Sure, there are a tonne of studies and claims out there on what meditation does (and all those social media posts) – meditation will cure food cravings, give you better sex, create world peace, improve your sports performance, make you zen-like…
The thing is, it’s not possible to point to meditation as the cure or cause for outcomes because as amazing as modern science is nowadays, it cannot and does not take into account the whole person (or whole being as I like to call us). Your past, history, predisposition, life circumstances, who ‘you’ as a unique spirit in bodily form are will collectively contribute to the effects of meditation on your inner and outer life.
Myth Buster: Meditation takes time and is not a priority when you have so many other important things to do
Er… well for a start regular meditation practice rejuvenates and can even grow new cells in the body, contributing to the anti-ageing affect of the whole body. So really, meditation can BUY you more time.
Don’t have half an hour every day? You don’t need it. Just 10 minutes a day, be that chanting, breathing, or mindfully drinking your tea, is scientifically proven to bring you mental and physical benefit.
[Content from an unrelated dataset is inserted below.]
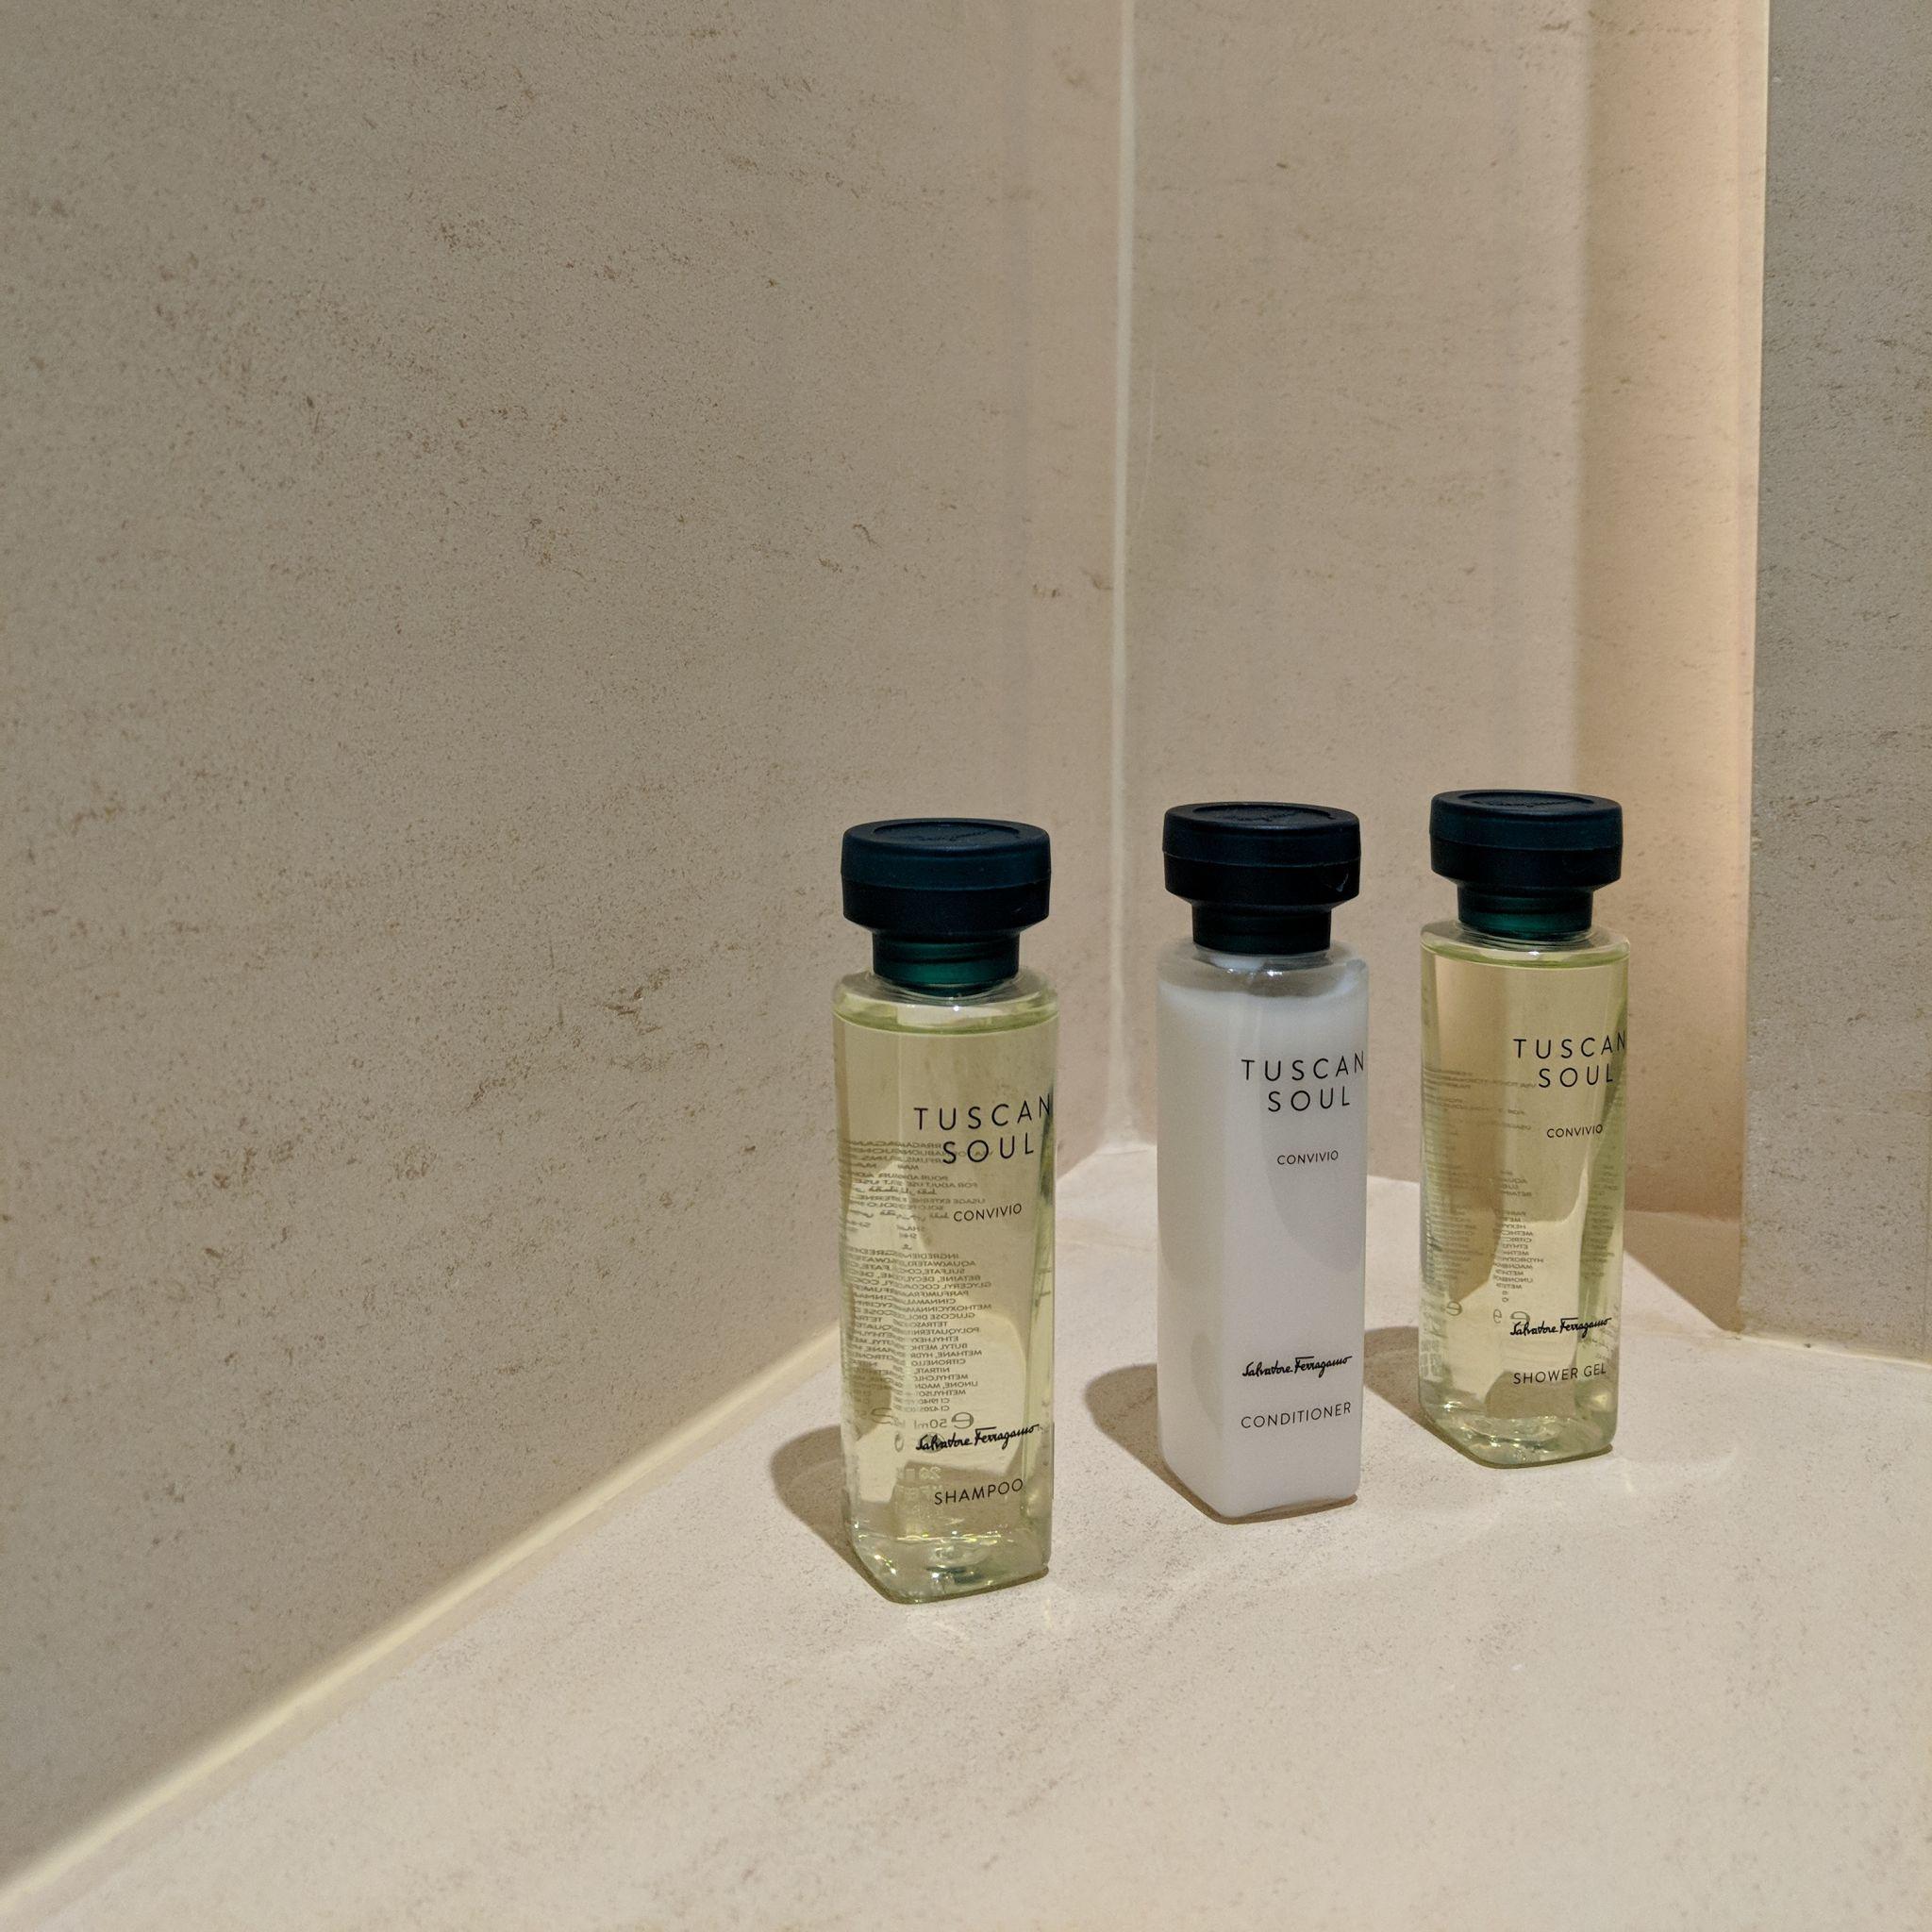 The Capitol Kempinski Hotel Singapore stamford suite bathroom amenities

Myth Buster: Meditation is easy
Sorry, but no it isn’t. Developing a meditation practice entirely on your own is difficult. Of course it can be done. The use of apps and downloads and books are helpful, but there is nothing, nothing like practising with a teacher or friend who has a regular practice.
It’s more likely to happen, for a start. If you have somewhere to go to and someone to do it with, as human beings we are 500% more likely to follow through. You’re also made to be accountable.
I always recommend finding a teacher, or guide, or facilitator, or someone who has been practising for a while to get you started, and to keep you motivated, and, crucially, to assist you when issues or challenges come up (which they will)– because your practice will be like life, ebbs and flows, some good days, some god damn awful ones, and all in between.
Myth Buster: Meditation is hard, or boring
So even though meditation is not easy, you can find a way of meditating that is suitable for you: finding the right technique, teacher, comfort and accessibility level for you makes all the difference. When it ‘clicks’, you will look forward to practising. And within a month or so of regular practice, you will enjoy it. Yes really!
Myth Buster: Meditation is for Spiritual People (or people who call themselves sapiosexuals)
Essentially, mindfulness meditation, or practising mindfulness is an ordinary thing that we already have within us. Think of those moments when you’re not photographing the sunrise but you and the sun are one, or when you’re not evaluating the track that comes on the radio, but you are in the music.
Our busy old minds, the human negativity bias and the rapidity and superficiality of modern living make it difficult to access that mindful state within us. It also doesn’t come with rewards recognised by society. Life can seem like the current education system – all about the honours and results – but what about our innate capacity for knowledge, learning and awareness?
But don’t take my word for it or this myth-busting article. As Buddha said, the only way to know what is and what is not – is to go experience it for yourself.